Algunos encabezados de artículos digitales afirman que “el 2023 ‘no pinta bien’”, por lo cual evitando repetir titulares, me limitaré a decir que el presente año ‘está pintado de gris’, especialmente porque la guerra de Rusia contra Ucrania continúa, existen amenazas de recesión en varias partes del mundo, y la inflación, a pesar de bajar un poco, se mantendrá alta.

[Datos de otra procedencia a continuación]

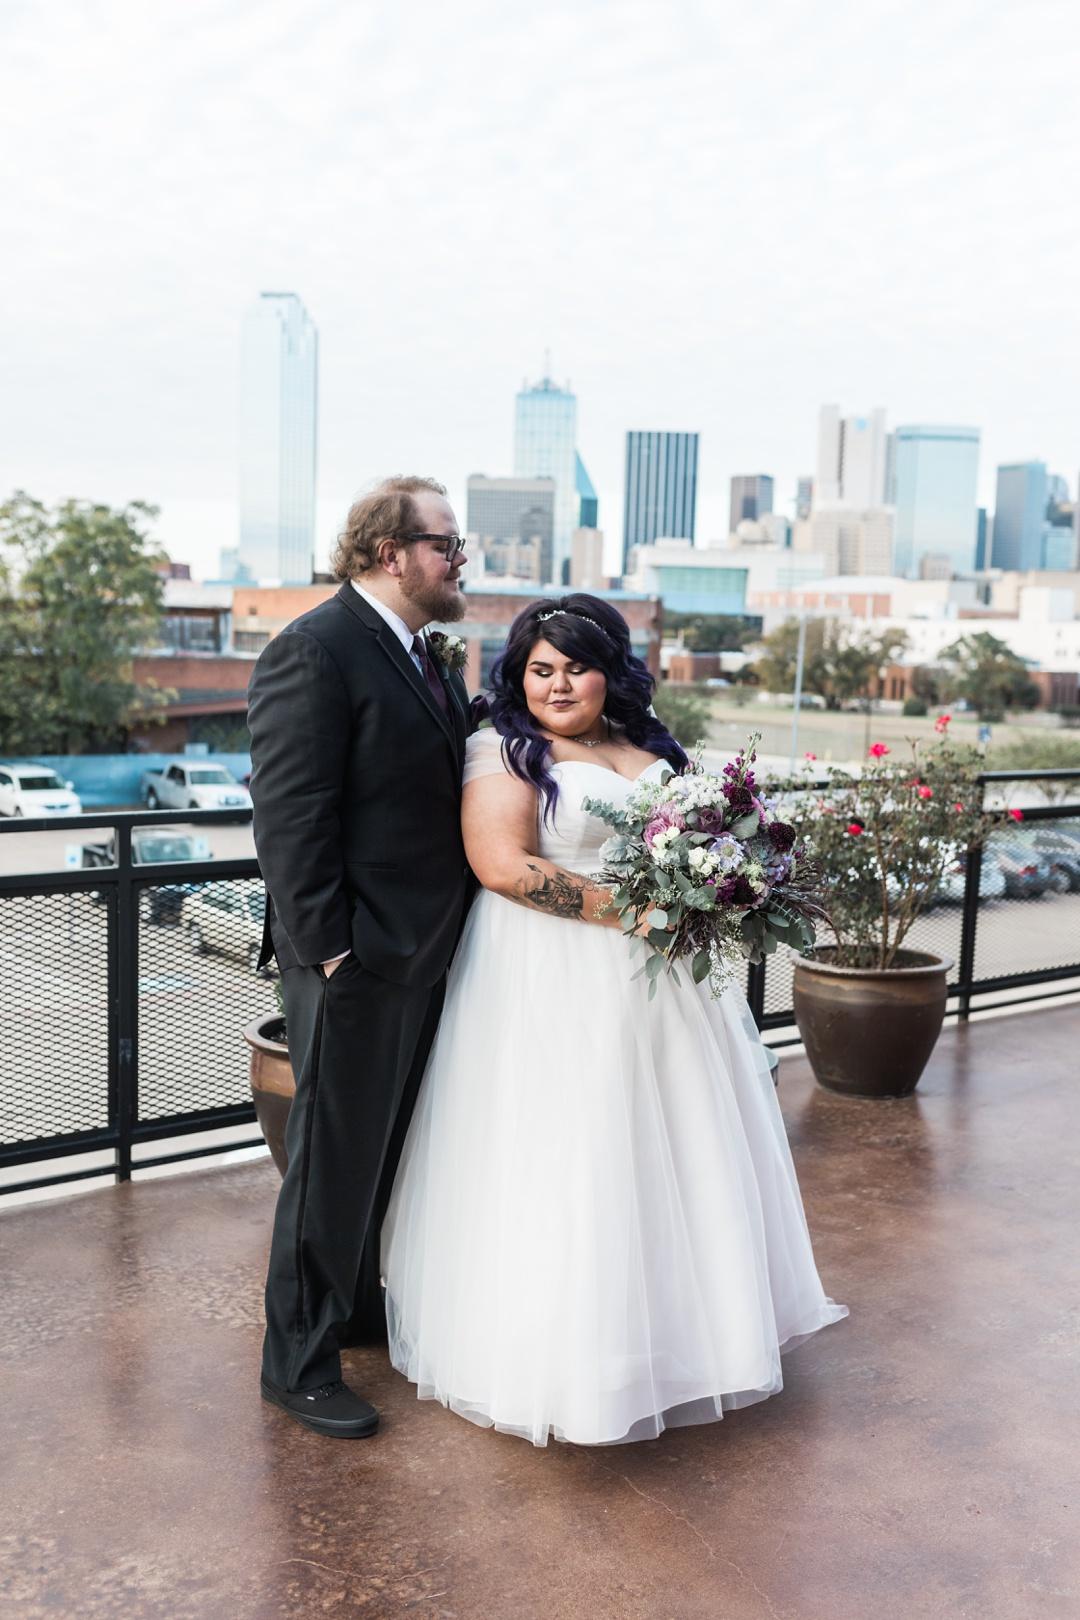 gilleys_dallas_wedding-35-2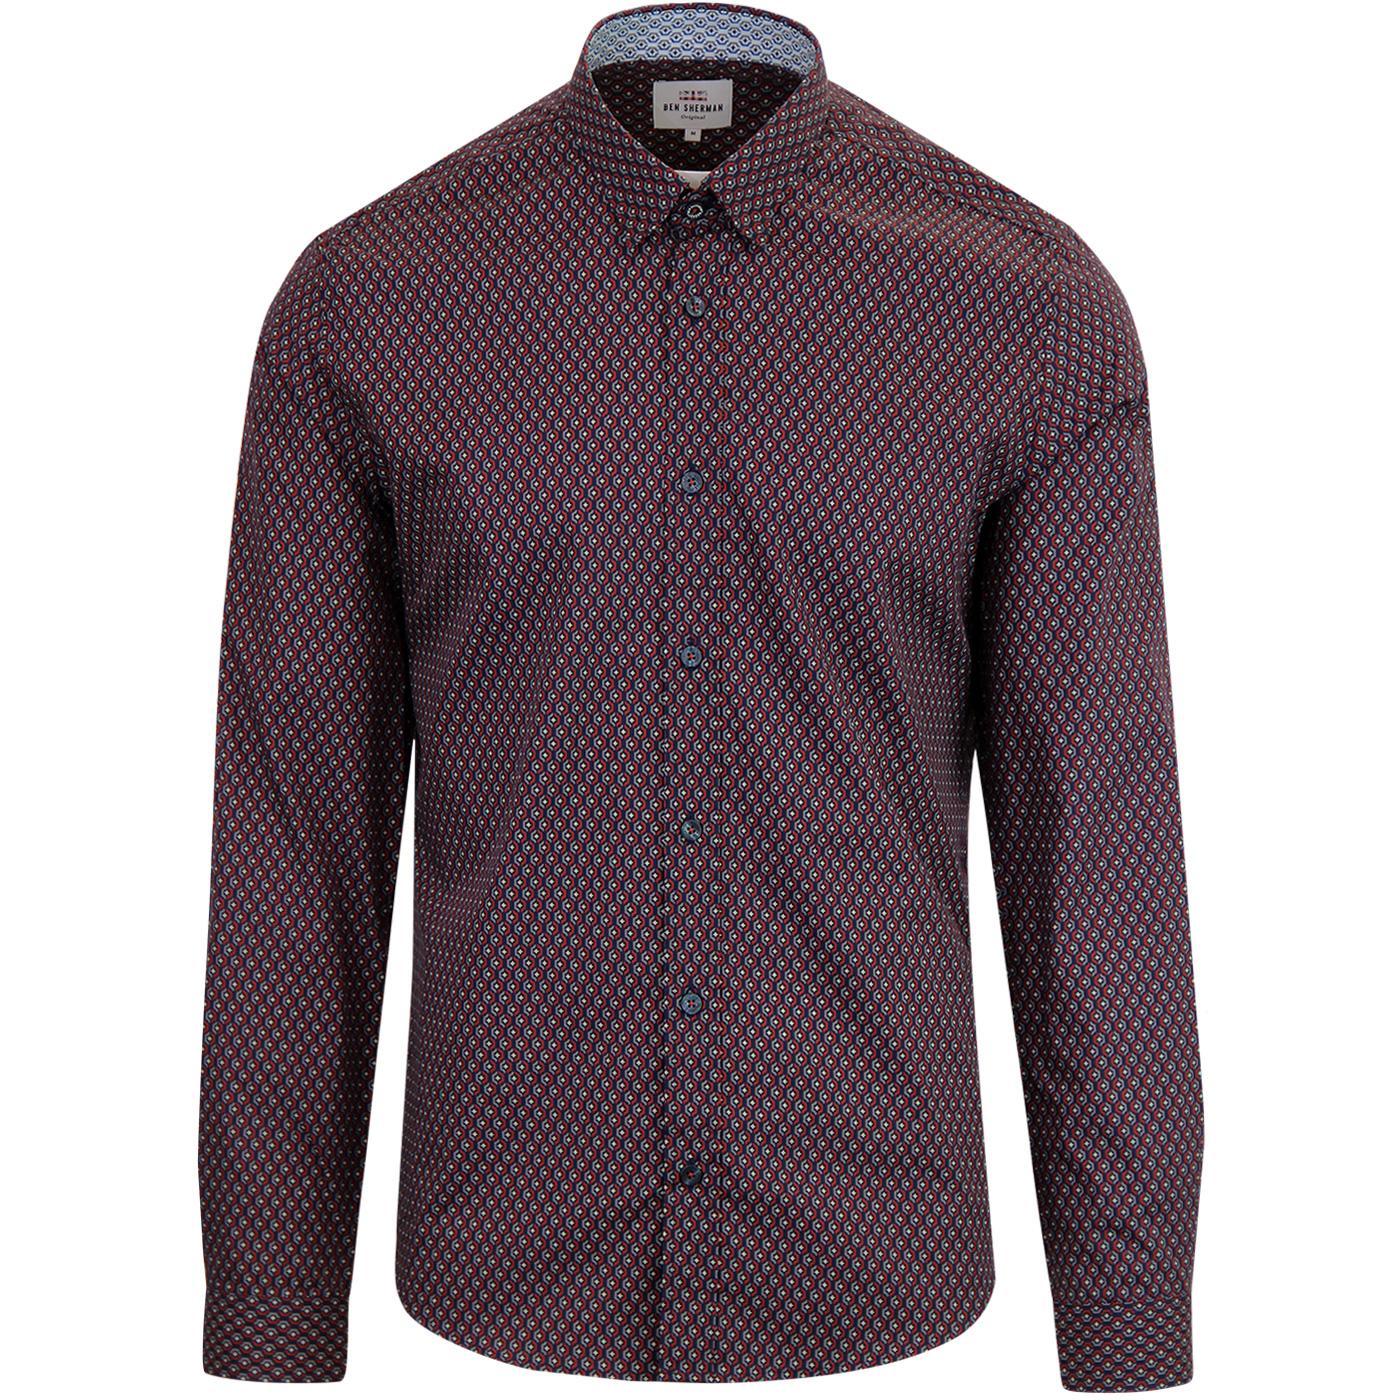 BEN SHERMAN Men's Retro Geo Pop Pattern Shirt

En el año 2022 la inflación se incrementó en todas partes, de modo que: “El costo de vida se disparó en todo el mundo. Las presiones sobre los precios en la pandemia se mantuvieron debido a que la guerra rusa en Ucrania elevó los costos de los alimentos y la energía ((portafolio.co/economia)”, las cadenas de suministro global fallaron y el costo del dinero se encareció en los mercados internacionales.
Por todo ello, “los riesgos de recesión para 2023 crecen en las principales economías del mundo. Dado que el gasto de los hogares está bajo presión y que se comienza a ver el impacto de las alzas de tasas [básicas de referencia], la recuperación tras la pandemia perdió fuerza en 2022, y este año probablemente será aún peor” (Ídem).
En pocas palabras el panorama económico no es muy alentador, y los expertos no son muy optimistas acerca del futuro inmediato.
Así, por ejemplo, “la directora gerente del Fondo Monetario Internacional (FMI), Kristalina Georgieva, manifestó que “un tercio de la economía mundial estará en recesión este año”, incluida “la mitad de la Unión Europea”.
Georgieva asegura que “para la mayoría del mundo (2023) va a ser un año duro, más duro que el que dejamos atrás”, ya que las tres grandes economías -Estados Unidos, Unión Europea y China- “se están ralentizando simultáneamente”.
El organismo financiero mundial “prevé que la mitad de los países de la Unión Europea, cuya economía está “severamente impactada” por la guerra en Ucrania, entre en recesión en 2023. En cambio, ve la economía estadounidense más “resiliente” y confía en que la fortaleza de su mercado laboral le ayude a “evitar la recesión” e incluso a “sostener al mundo en un año muy difícil”.
A pesar de todo lo anterior, el panorama económico para Honduras no pinta tan sombrío, ya que organismos como el Banco Mundial estiman que nuestra economía crecerá un 3.1% en el 2023, mientras que la Comisión Económica para América Latina y el Caribe (Cepal) proyecta un incremento de la producción nacional del 2.7% en este año.
Aunque ambas cifras de crecimiento de la economía son inferiores al rango de 3.5%-4.5% plasmado en el programa monetario del Banco Central de Honduras (BCH), lo importante consiste en que tanto nuestras autoridades monetarias como los expertos de los organismos internacionales mencionados, consideran que nuestro país no correrá la suerte de Colombia, Chile y Argentina, donde los analistas prevén que se producirá una contracción económica.
En tal sentido, dado que el presente año no afrontaremos una recesión, no se explica porqué nuestros legisladores aprobaron un presupuesto tan alto para el 2023, a menos que su intensión de fondo sea gastar en proselitismo.